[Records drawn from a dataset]
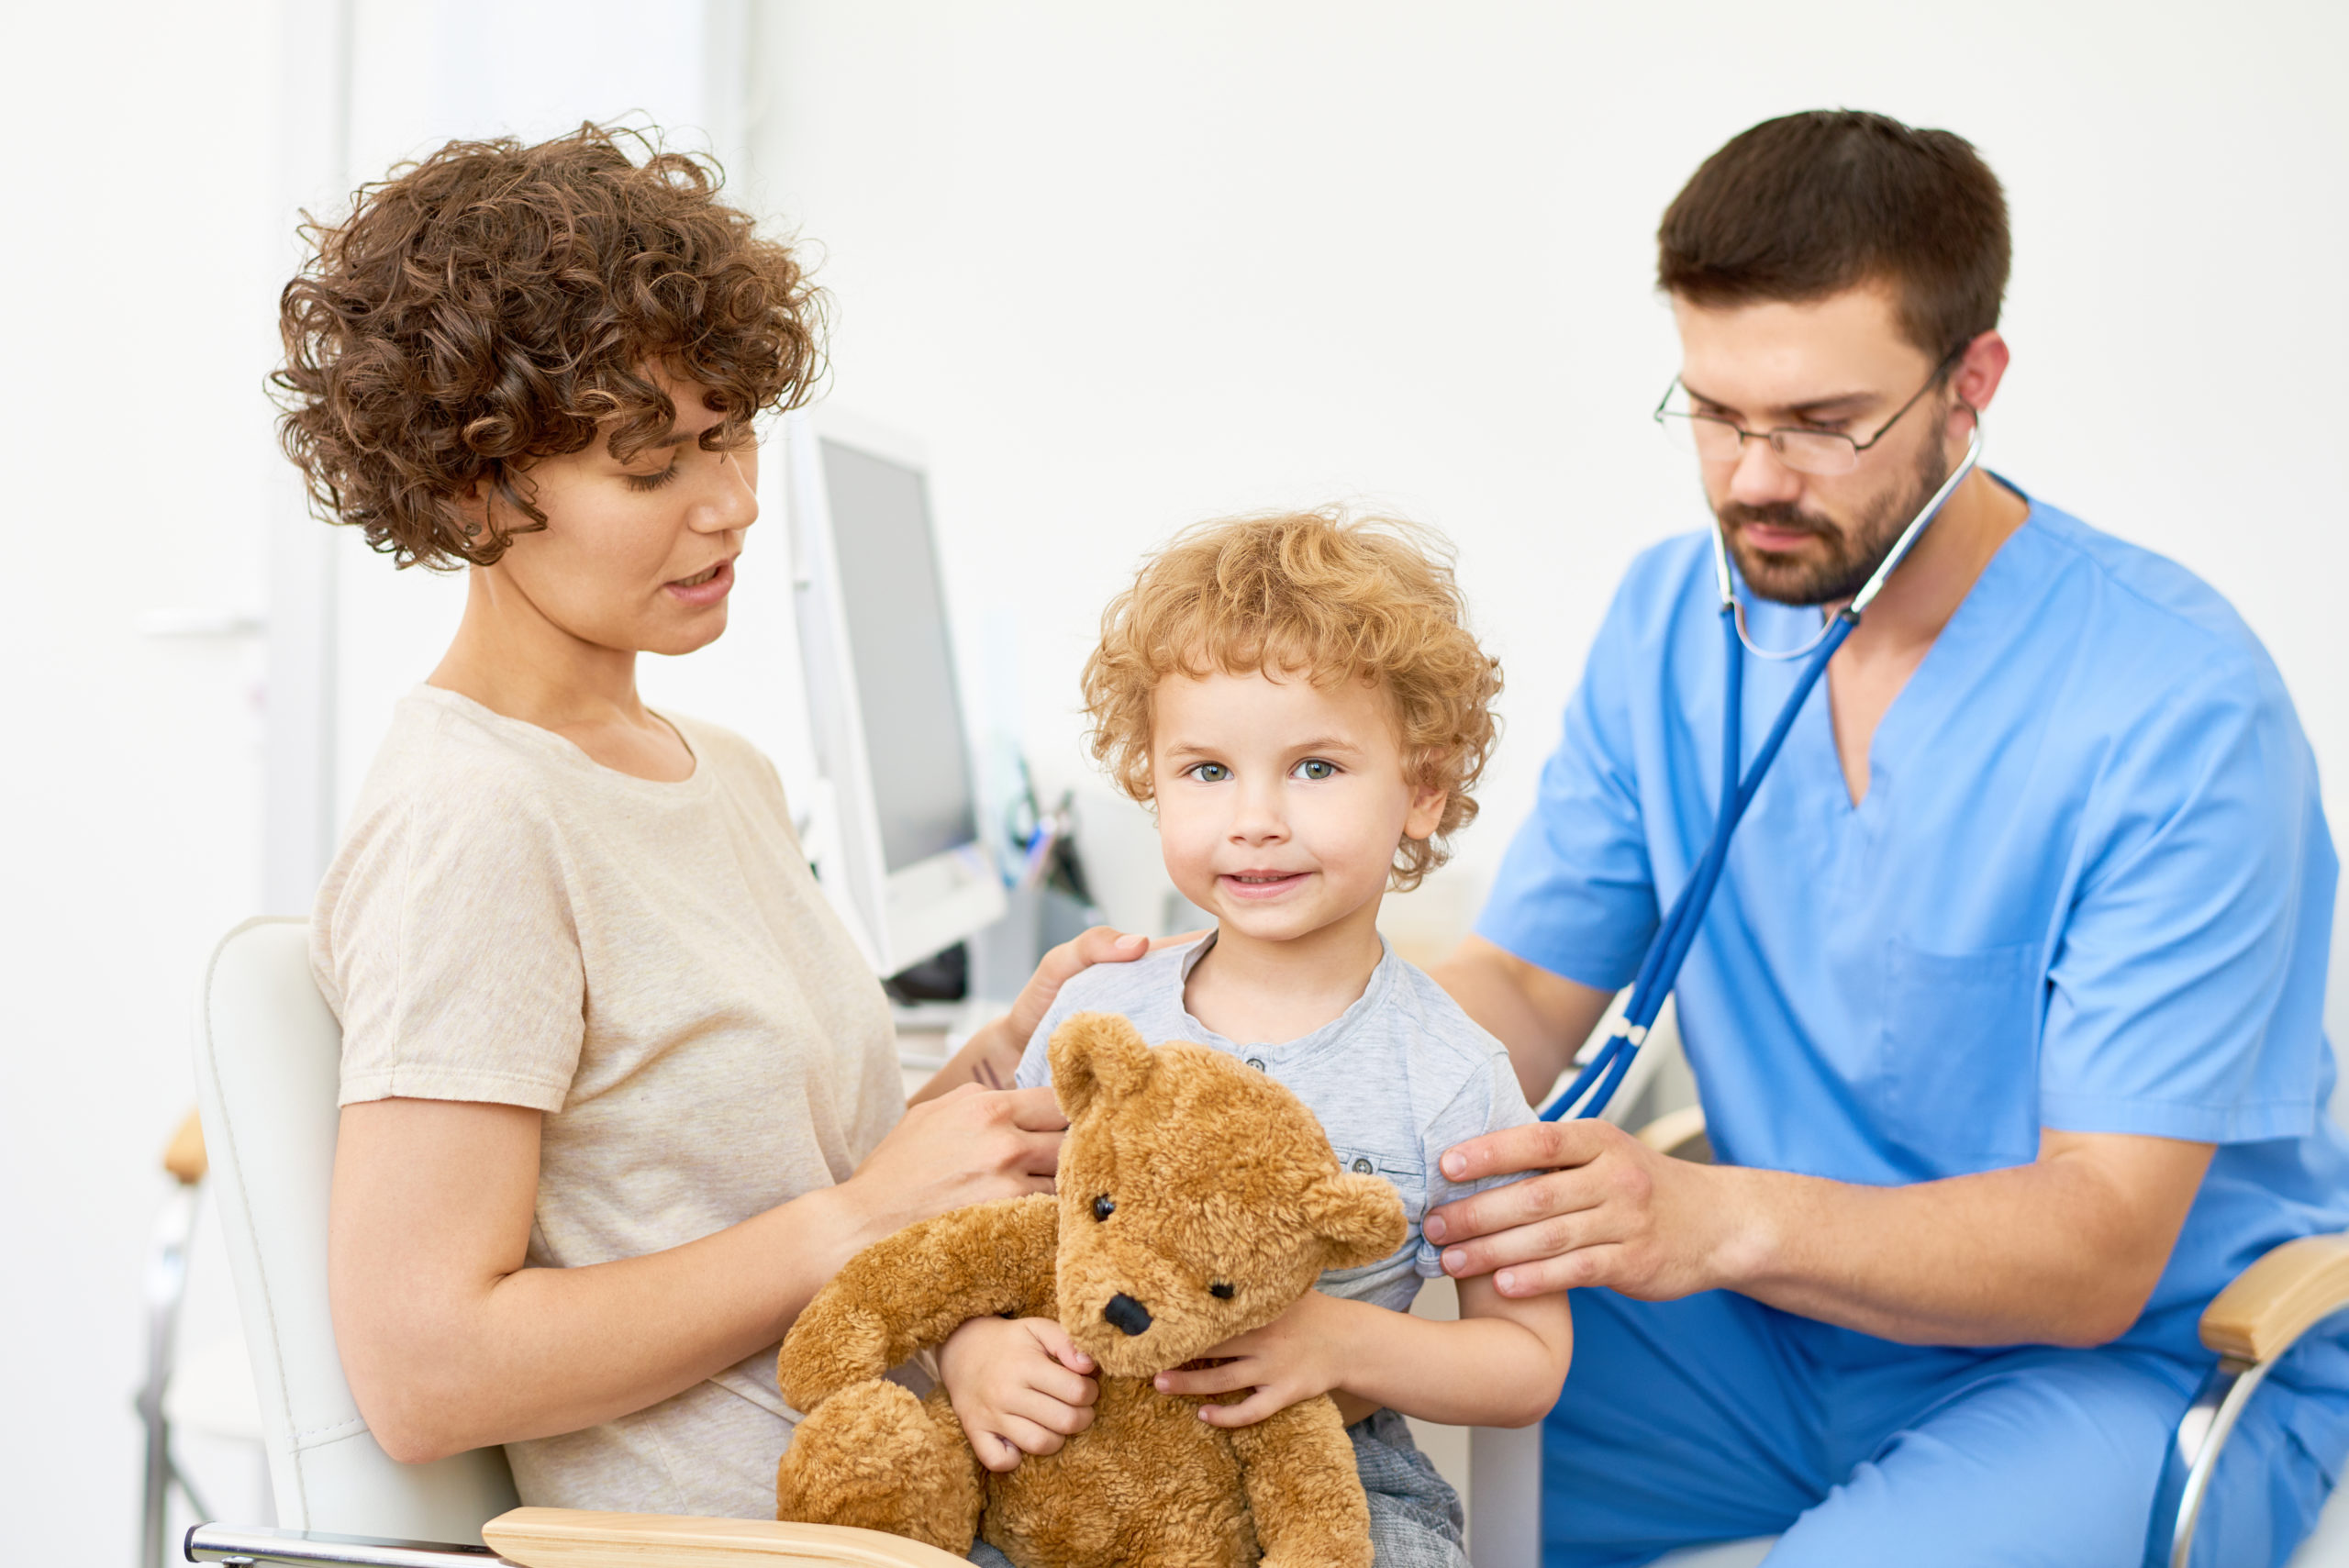 How to Help Your Child Fast Before Pediatric Surgery
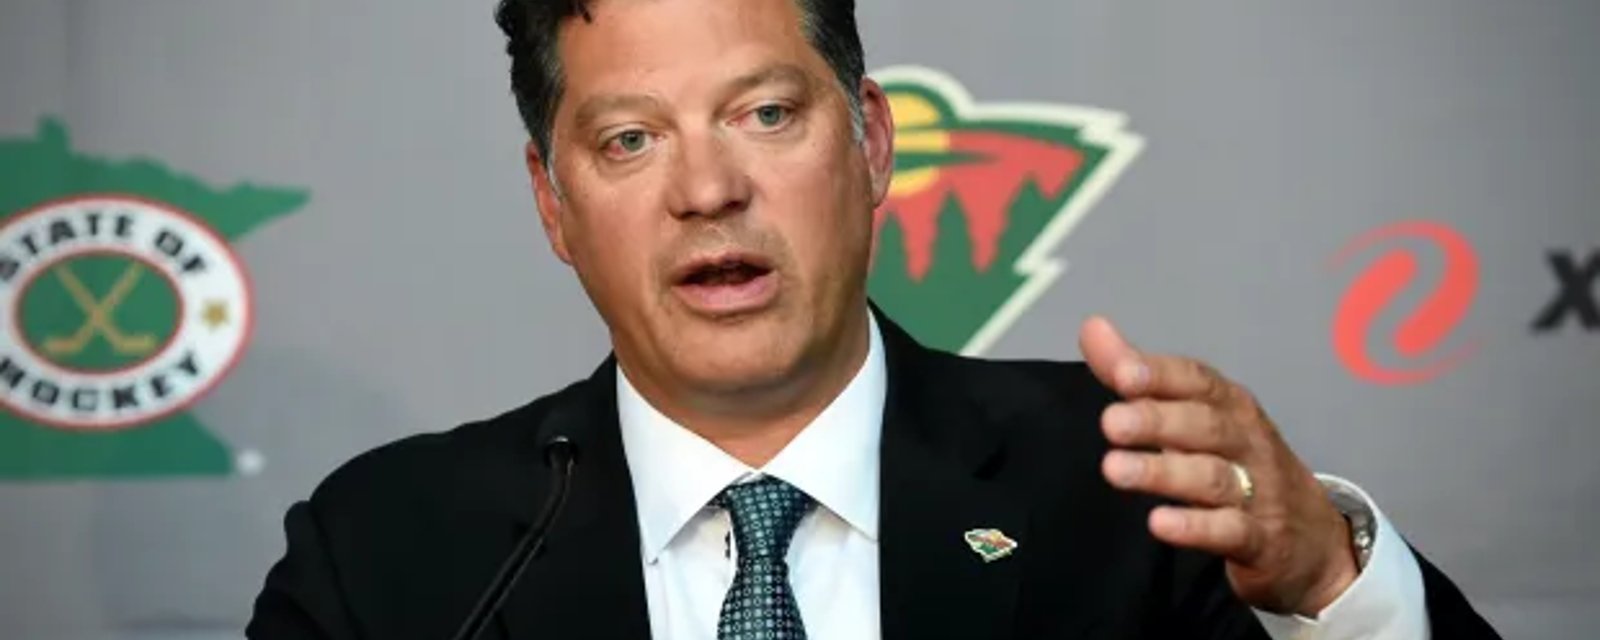 Employee who accused Bill Guerin of abuse leaves the Wild 
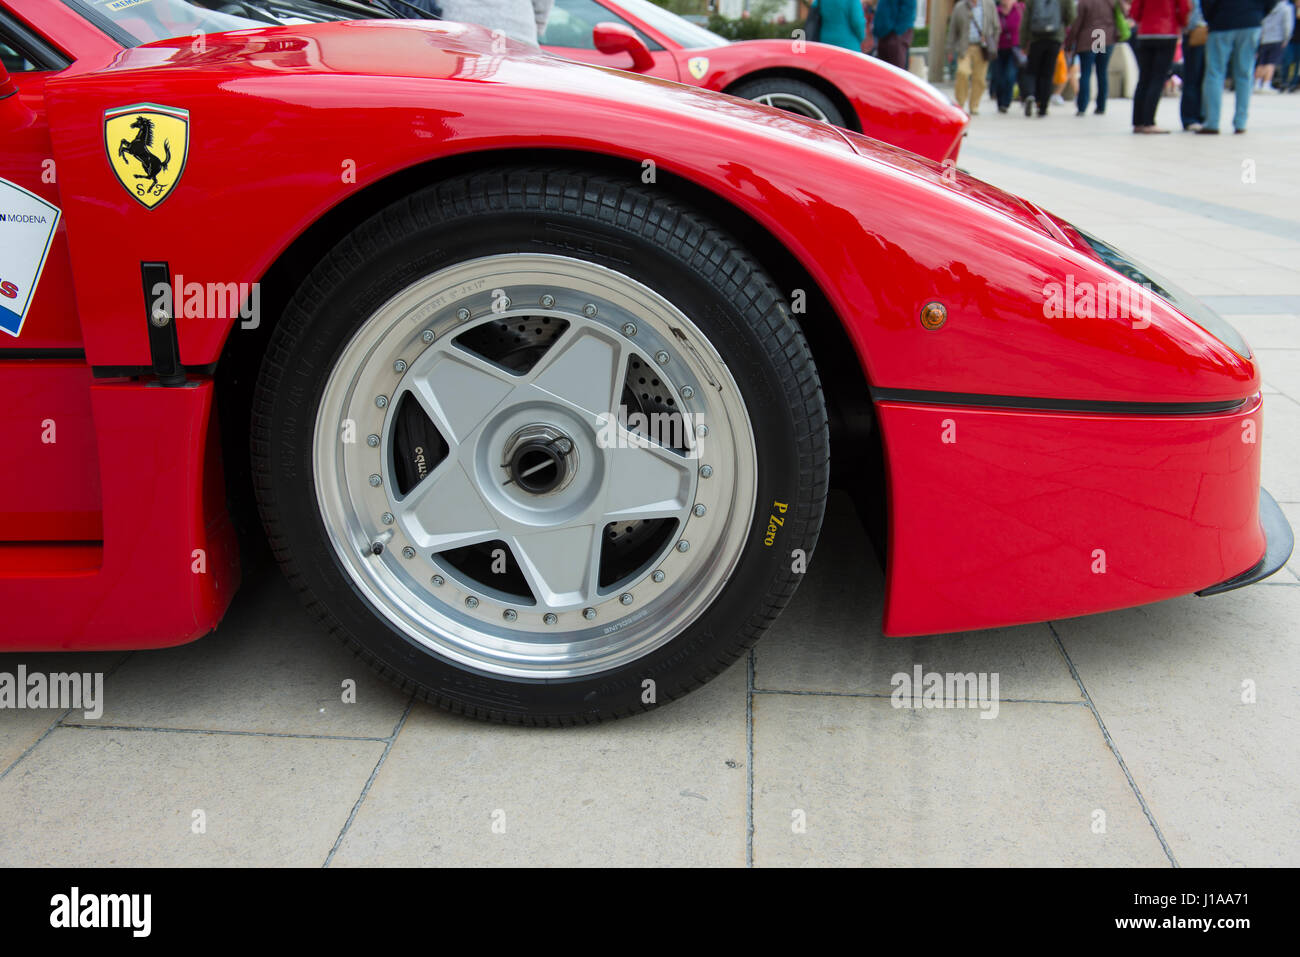 The front wheel and nose of the iconic Ferrari F40 which was introduced in 1987 Stock Photo
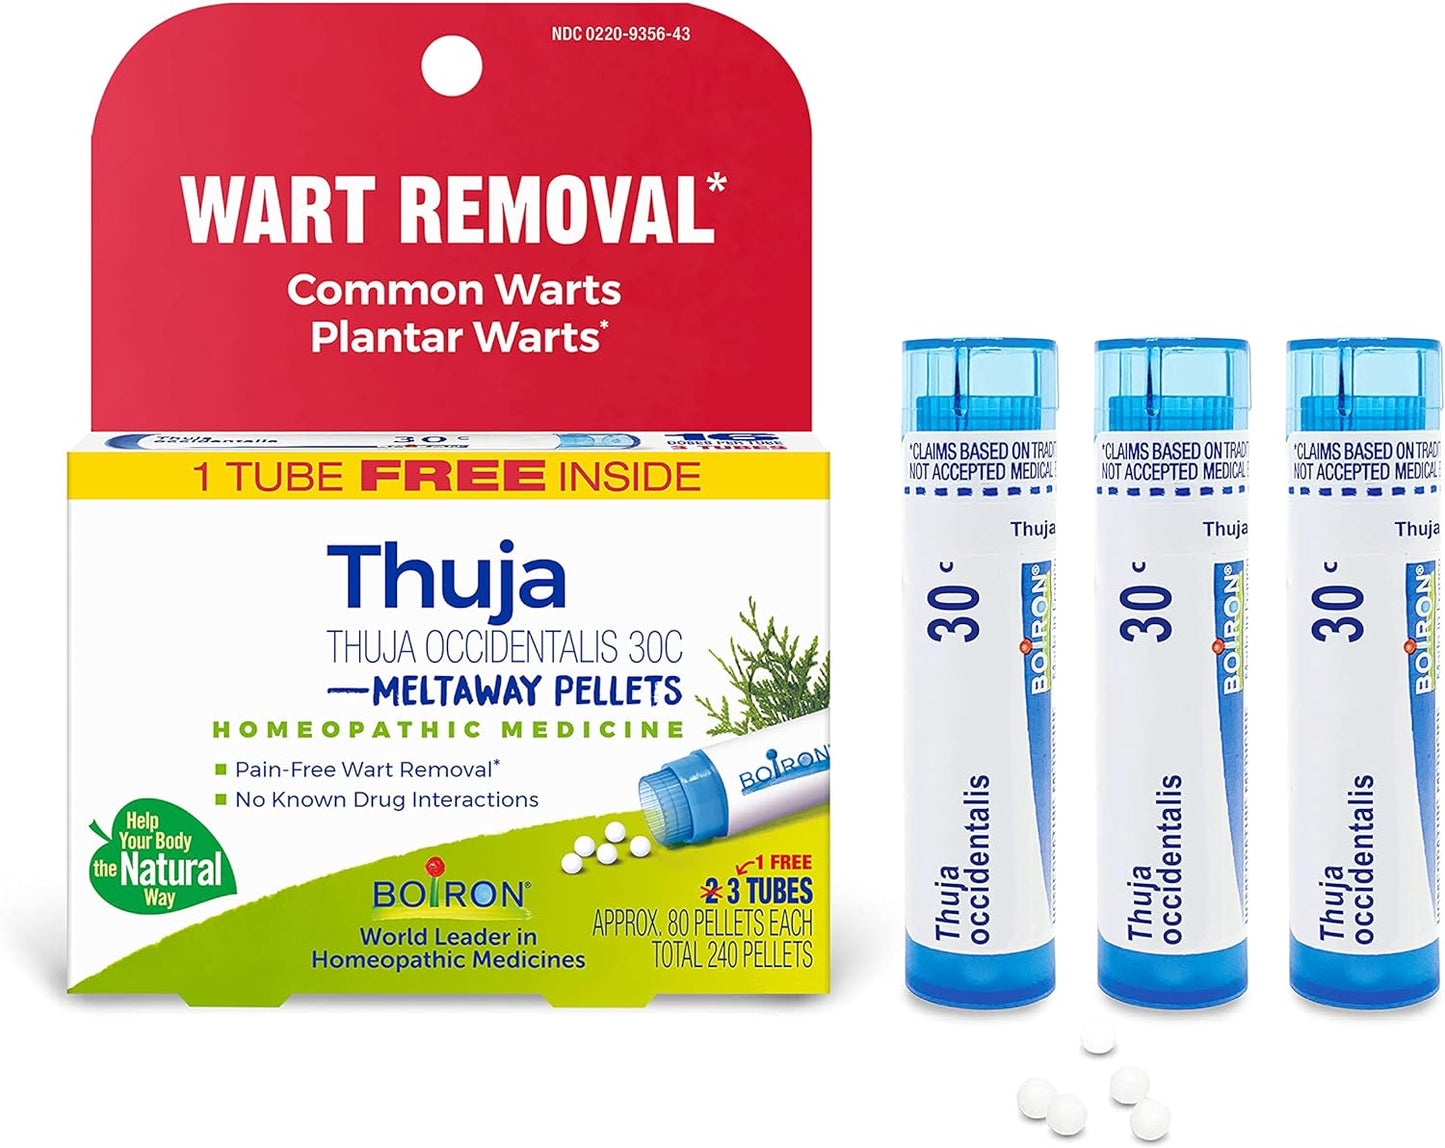 Boiron Thuja Occidentalis 30C Wart Removal Homeopathic Medicine  - 80 Count (Pack of 3)
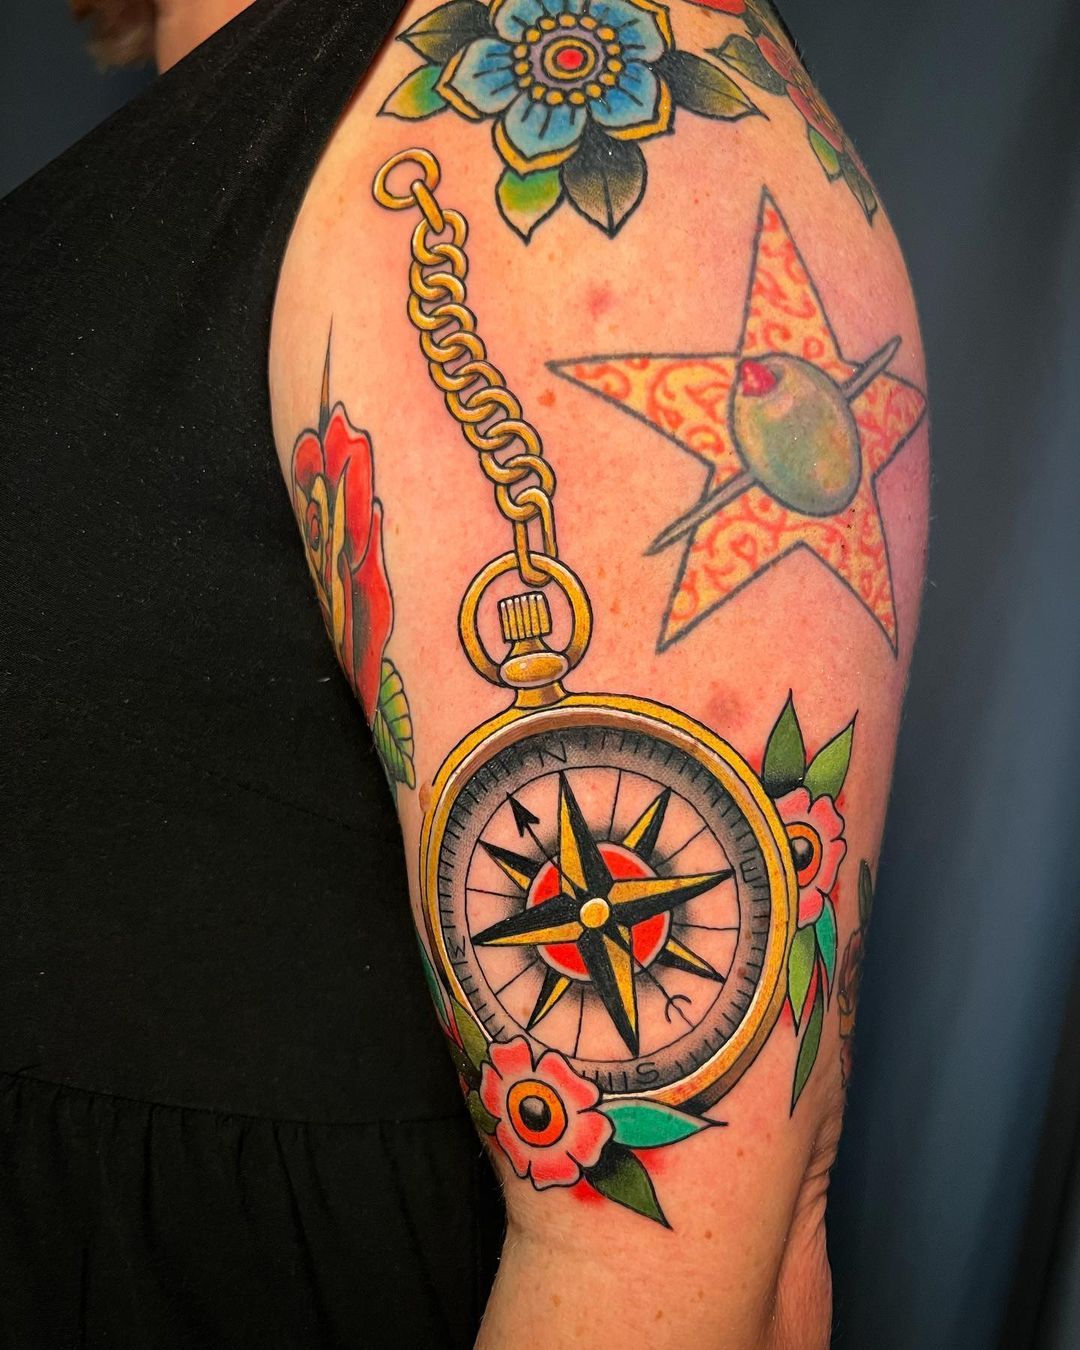 Black Ship - Tattoo Shop - Compass and World map done by Sergio Rodrigues # compass #compasstattoo #worldmaptattoo #tattooshoplife #tattooartist # tattoos #tattoo #tatts | Facebook

*Task statement*
The response should hold only an exact retyping of the lines from the beginning of the data through the line containing "Boiron Thuja Occidentalis", both ends kept, pictures omitted.

*Response to the exercise*
 How to Help Your Child Fast Before Pediatric Surgery
 Employee who accused Bill Guerin of abuse leaves the Wild 
 The front wheel and nose of the iconic Ferrari F40 which was introduced in 1987 Stock Photo
 Boiron Thuja Occidentalis 30C Wart Removal Homeopathic Medicine  - 80 Count (Pack of 3)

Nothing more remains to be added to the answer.